§ **Information supplied**:

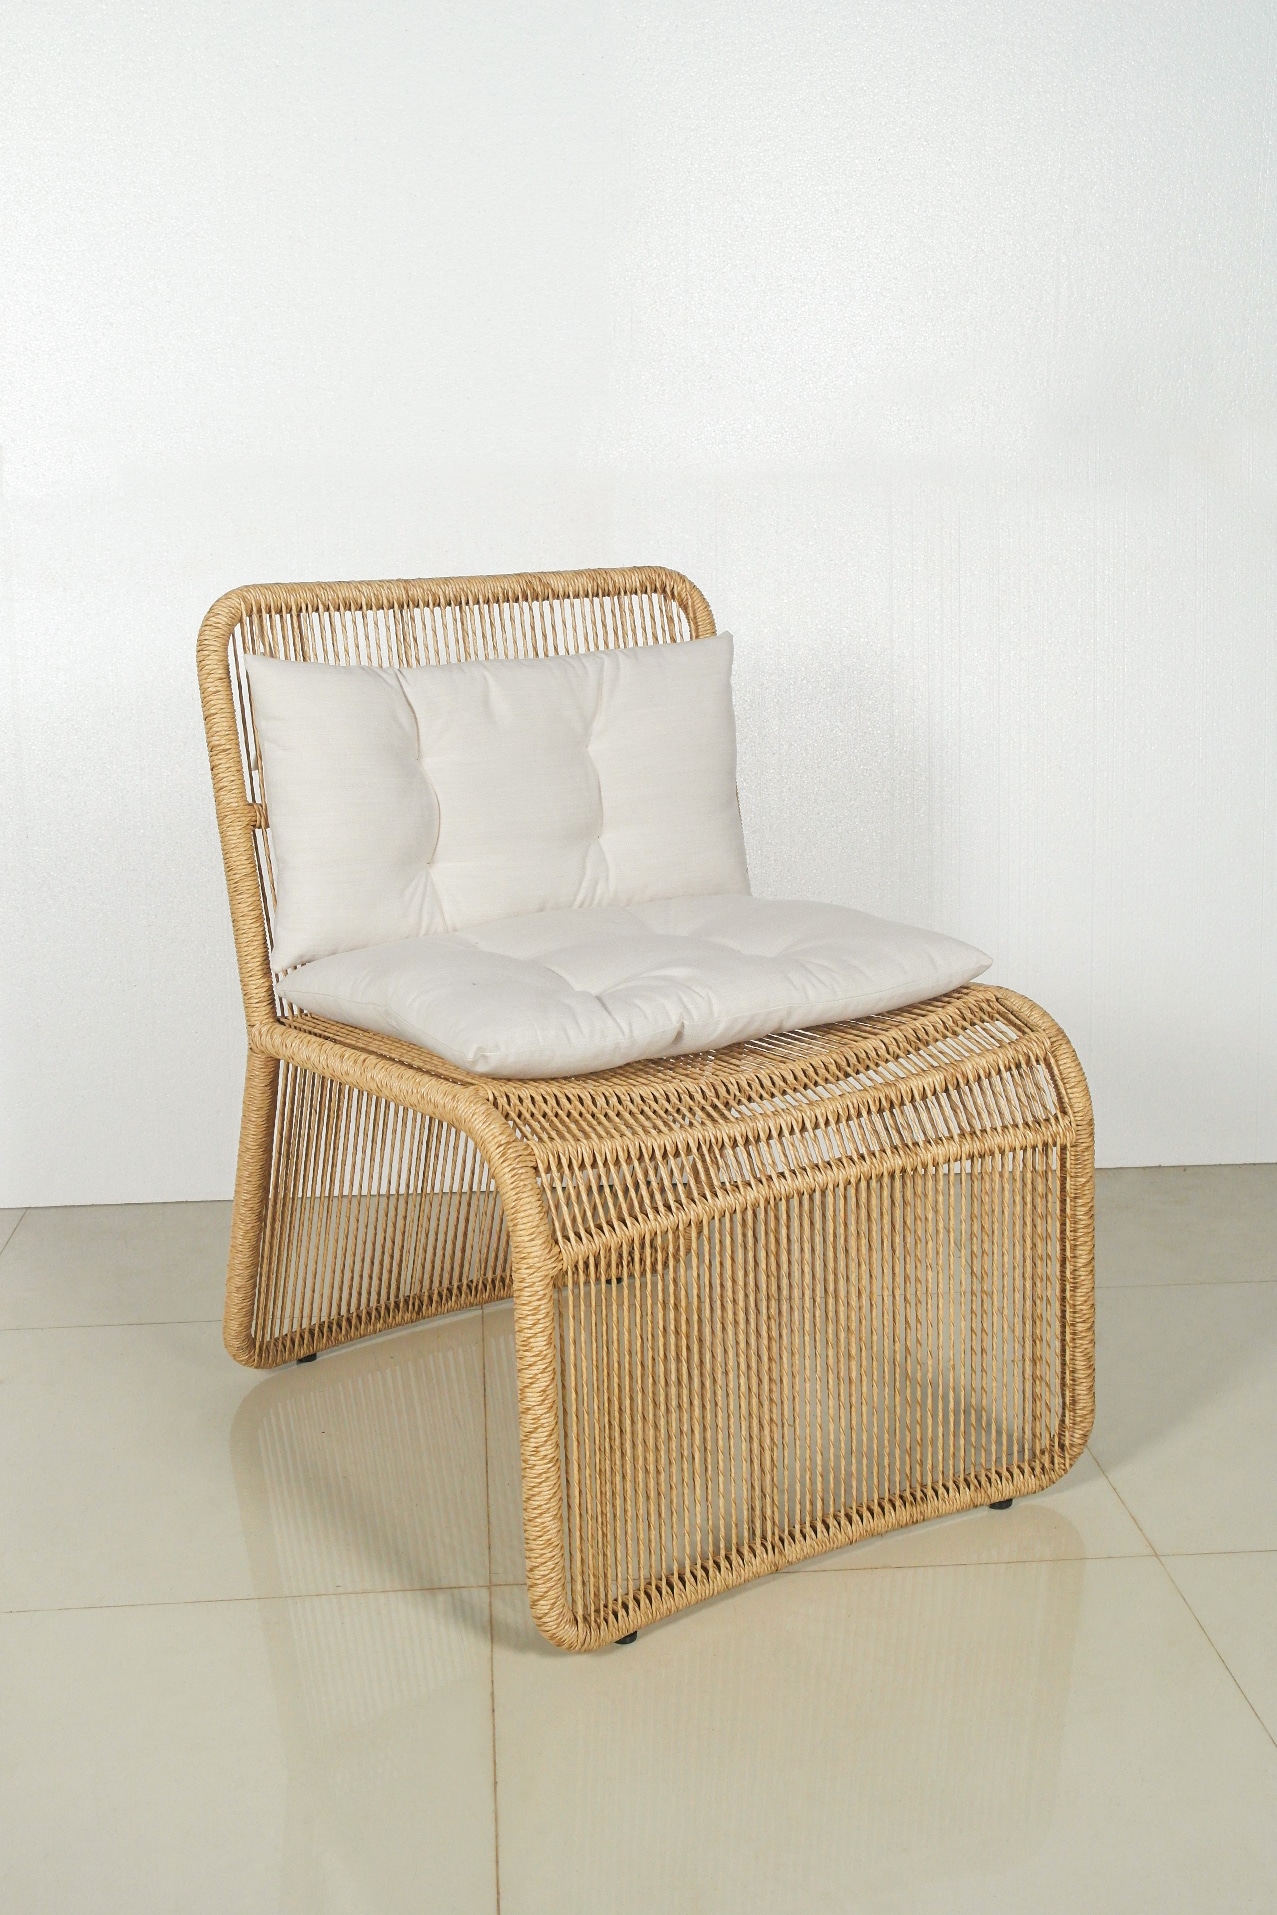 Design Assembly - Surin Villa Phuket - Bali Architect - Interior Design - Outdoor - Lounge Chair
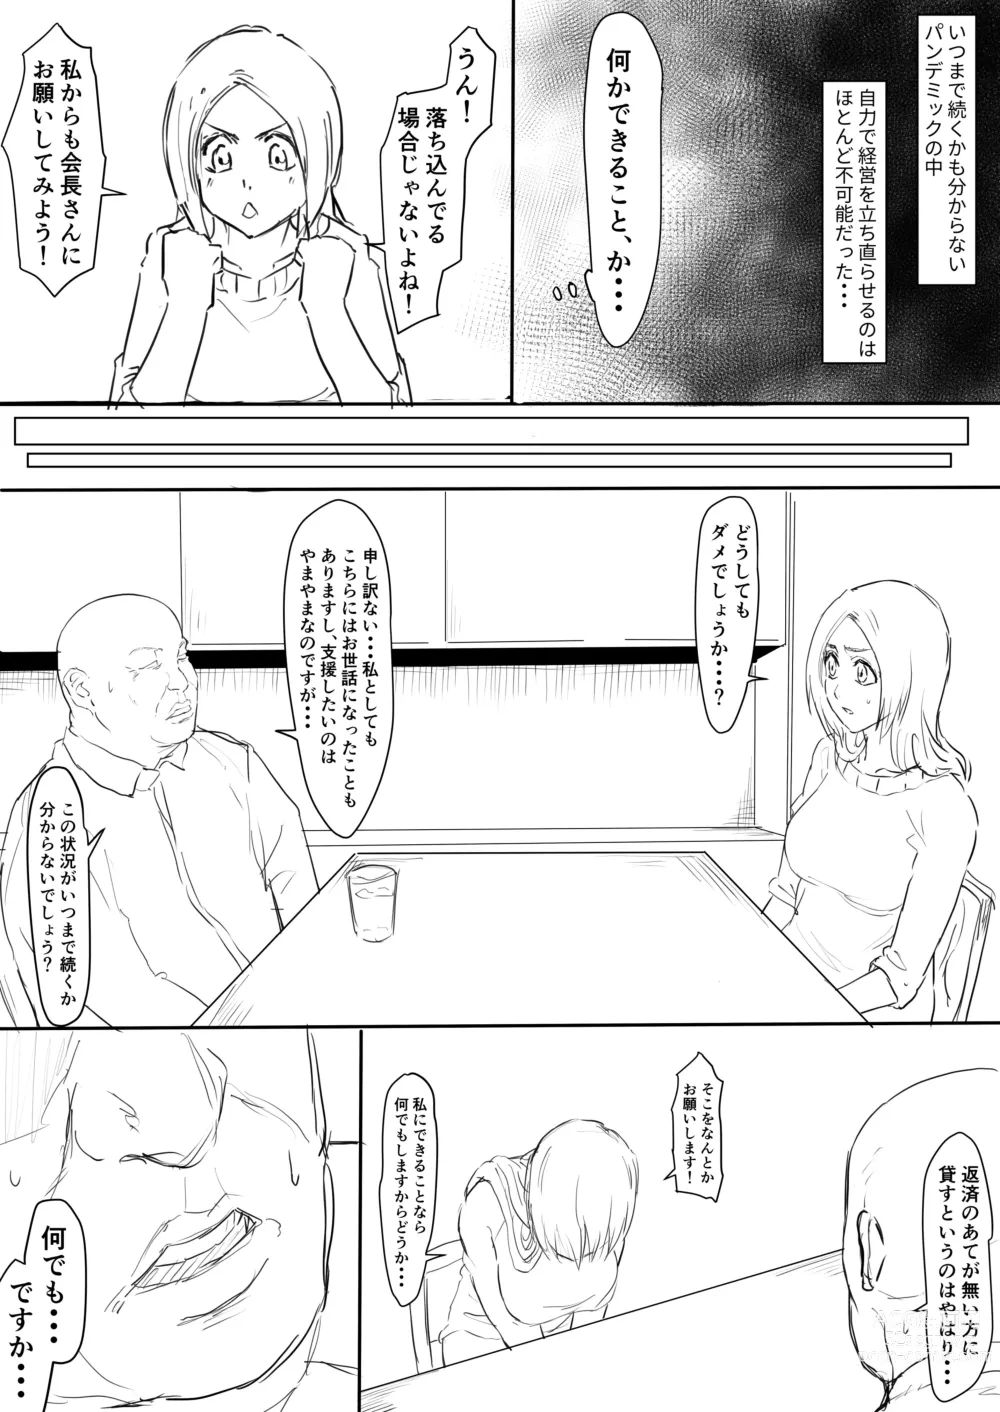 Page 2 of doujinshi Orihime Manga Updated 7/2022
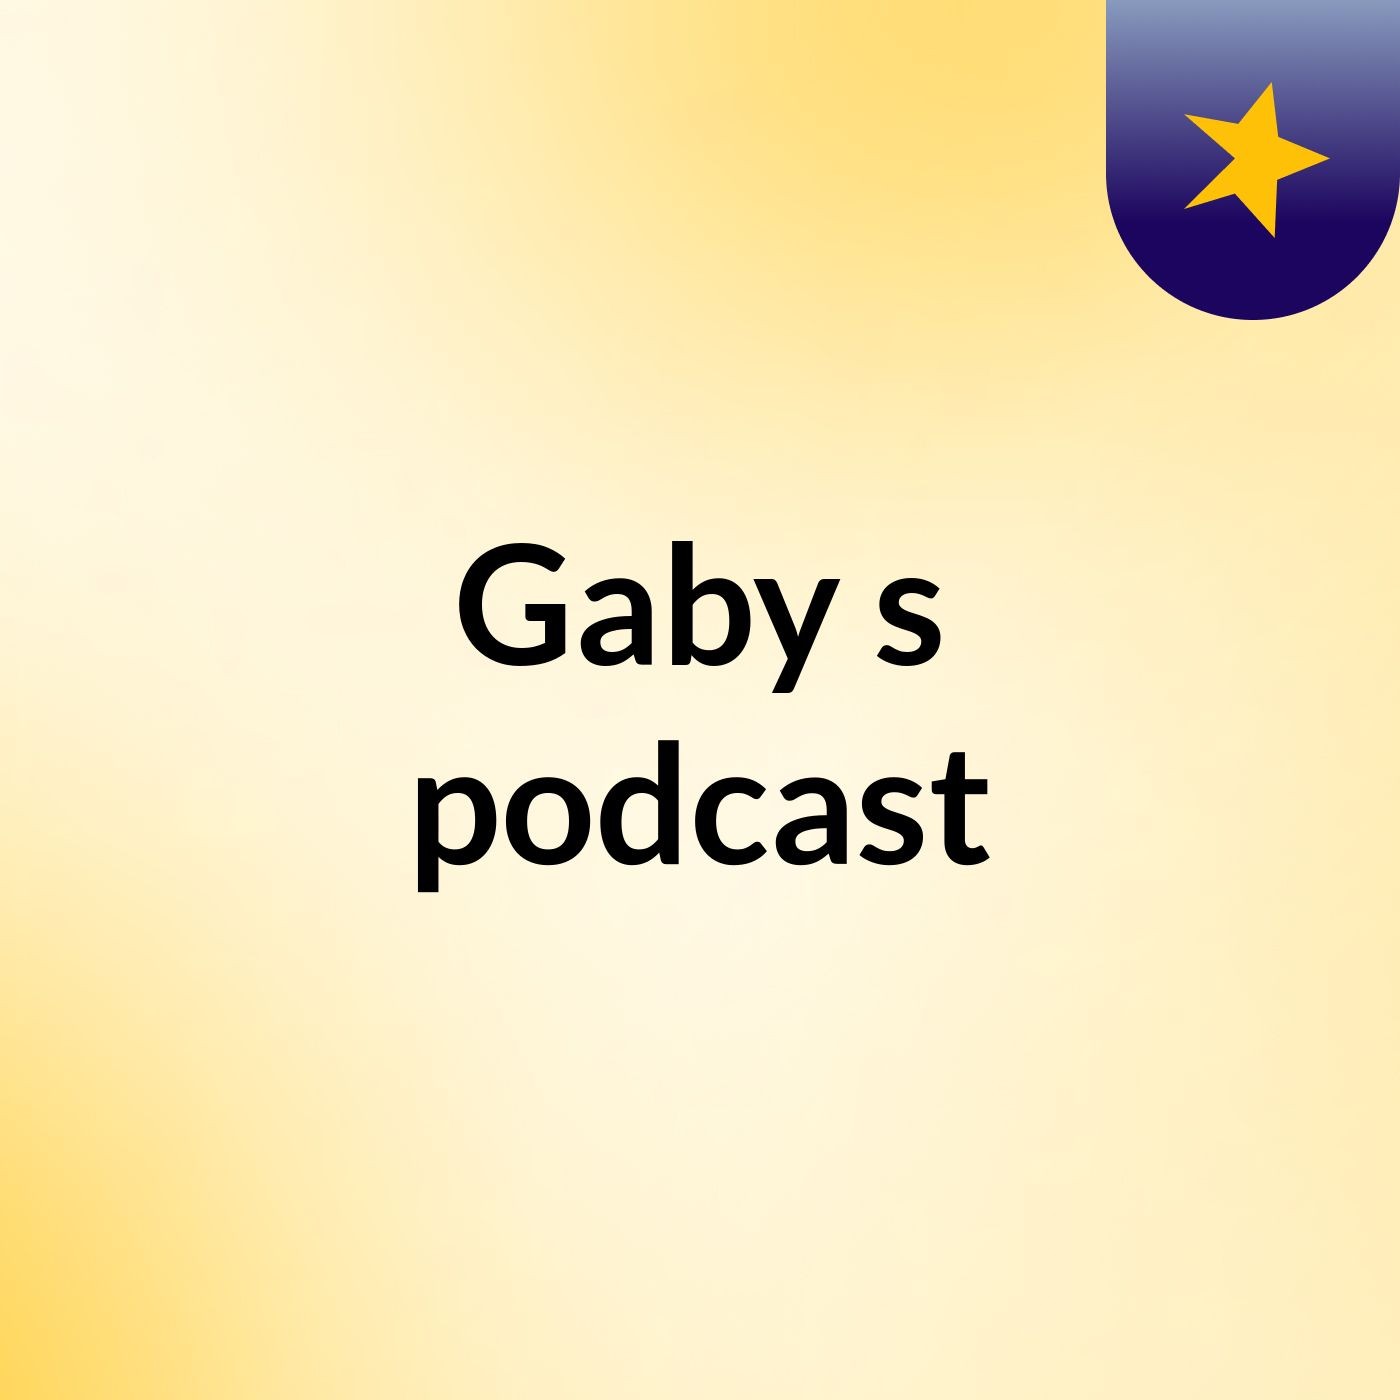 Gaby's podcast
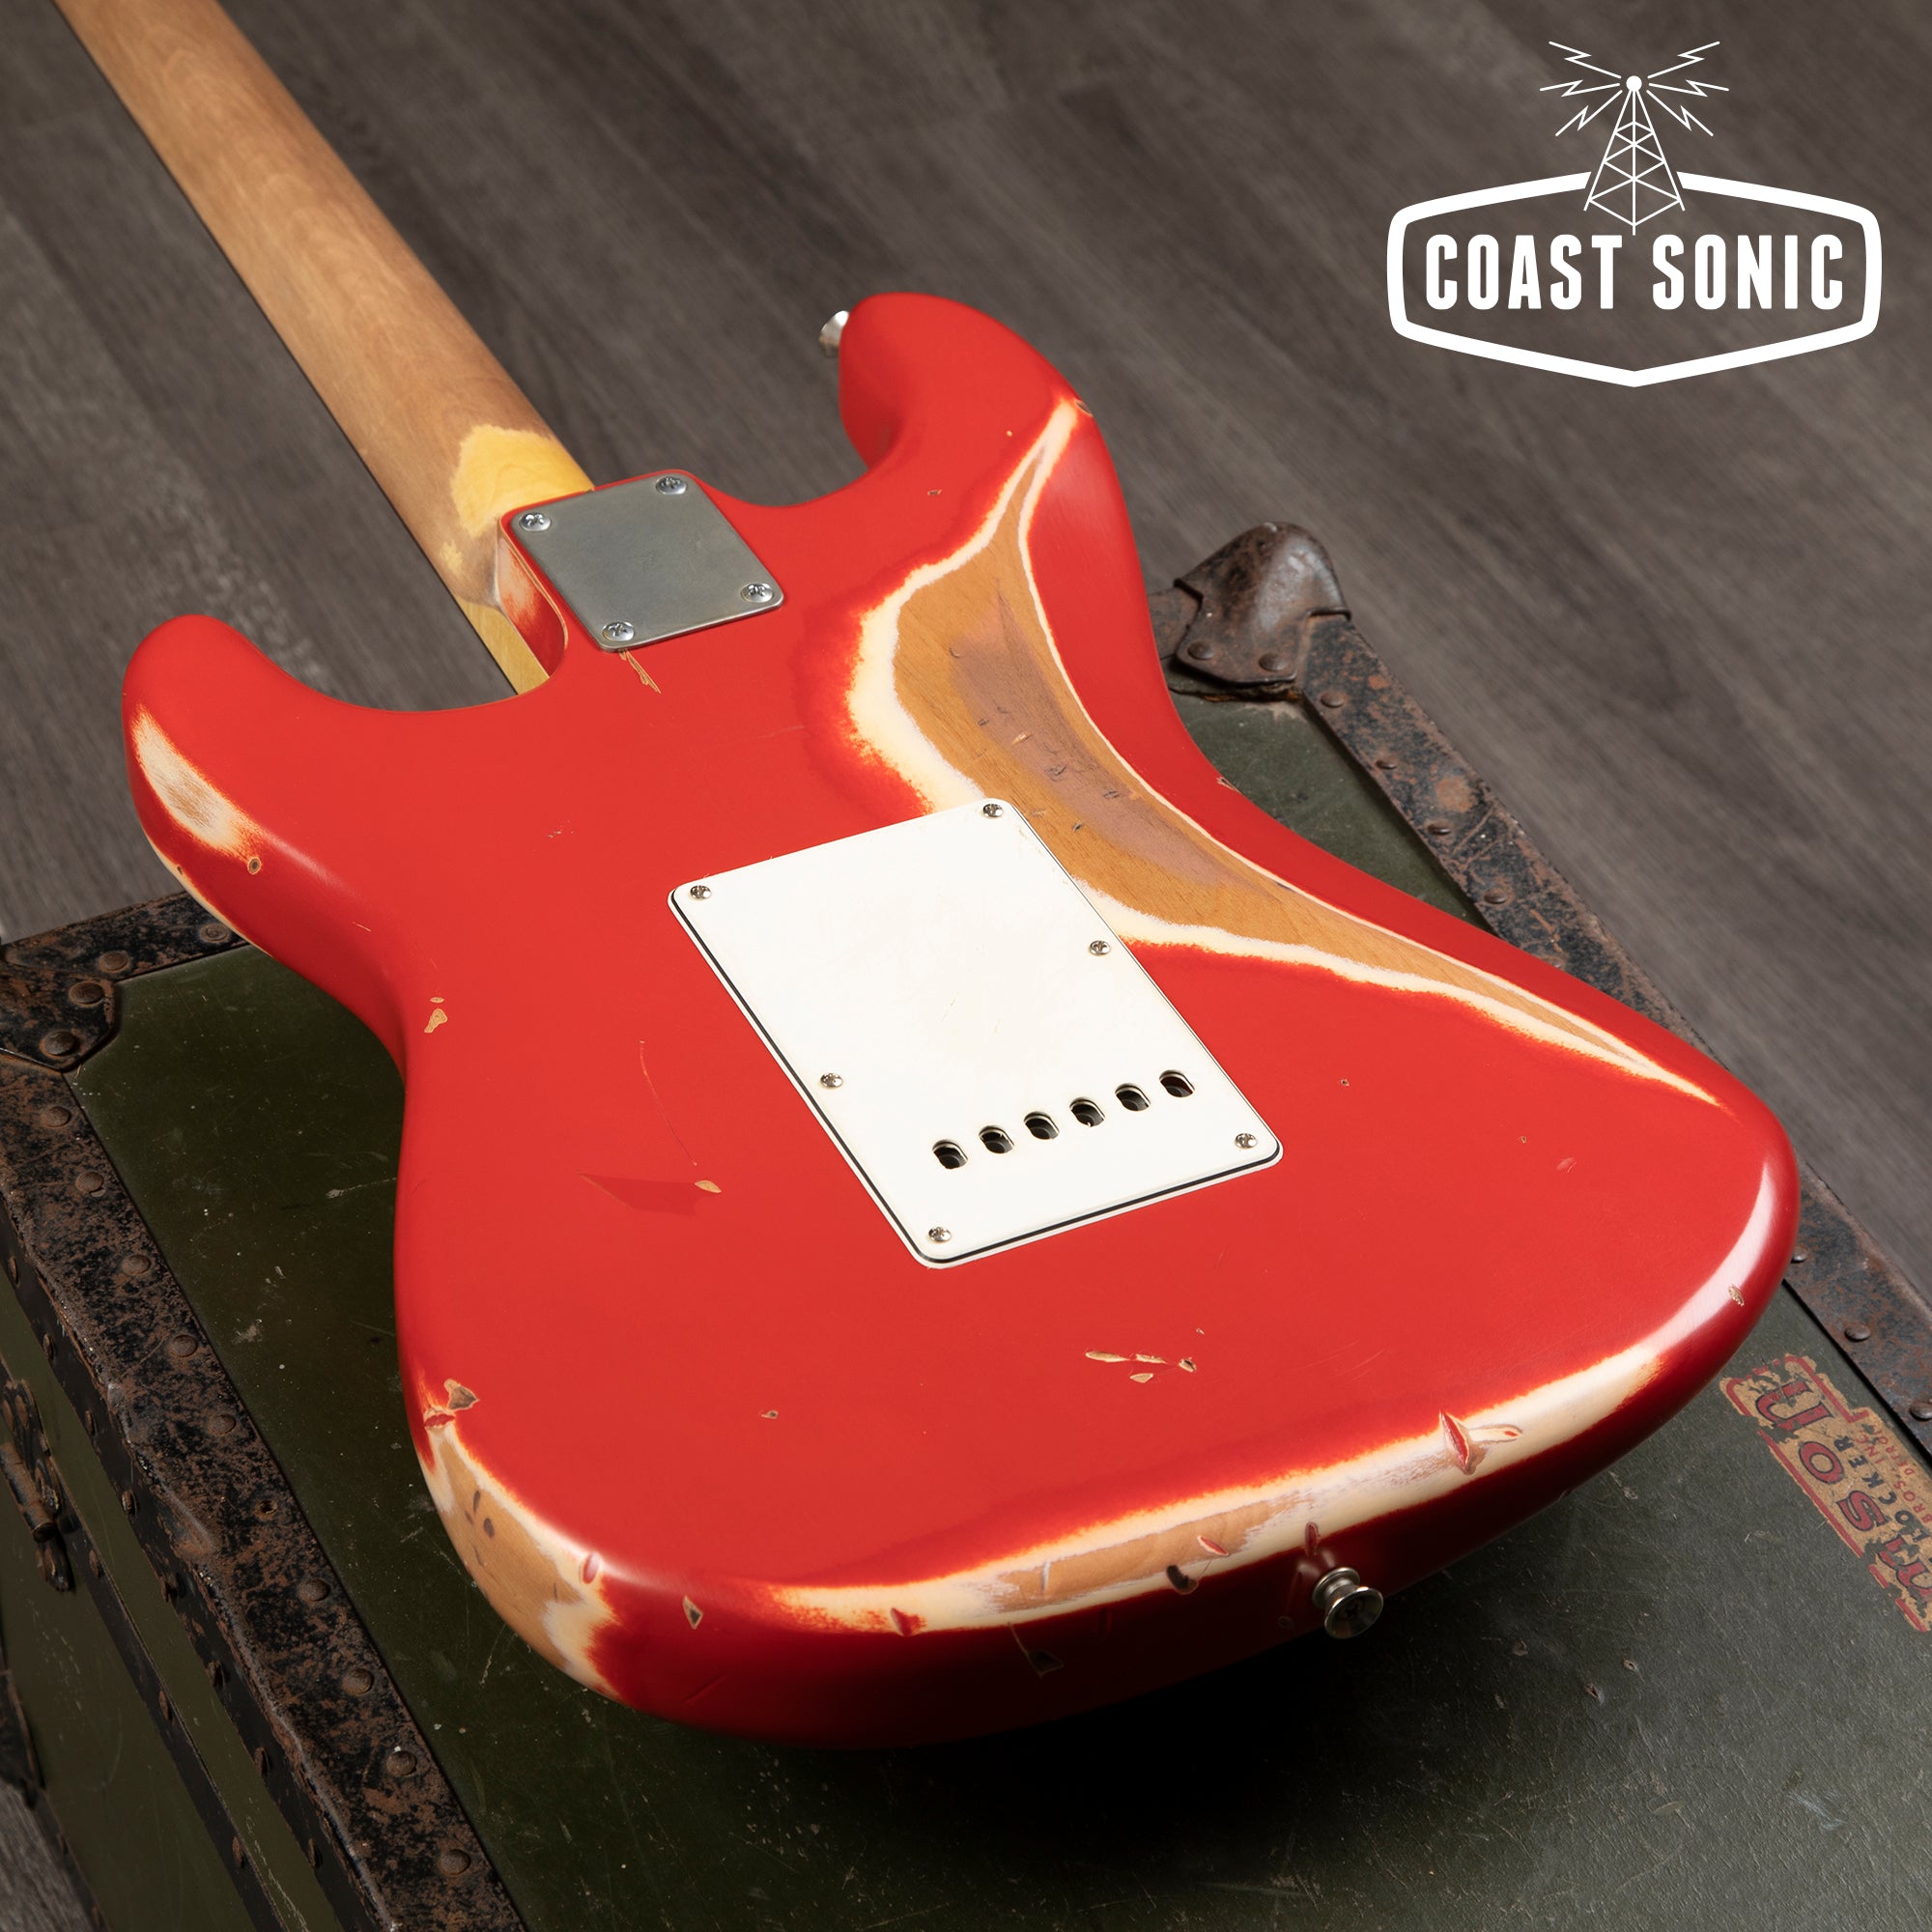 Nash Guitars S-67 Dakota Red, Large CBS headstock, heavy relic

§ **Task brief**:
Every line above should be copied exactly, apart from any pictures.

§ **Task response**:
 Design Assembly - Surin Villa Phuket - Bali Architect - Interior Design - Outdoor - Lounge Chair
 Page 2 of doujinshi Orihime Manga Updated 7/2022
 Gaby's podcast
 Nash Guitars S-67 Dakota Red, Large CBS headstock, heavy relic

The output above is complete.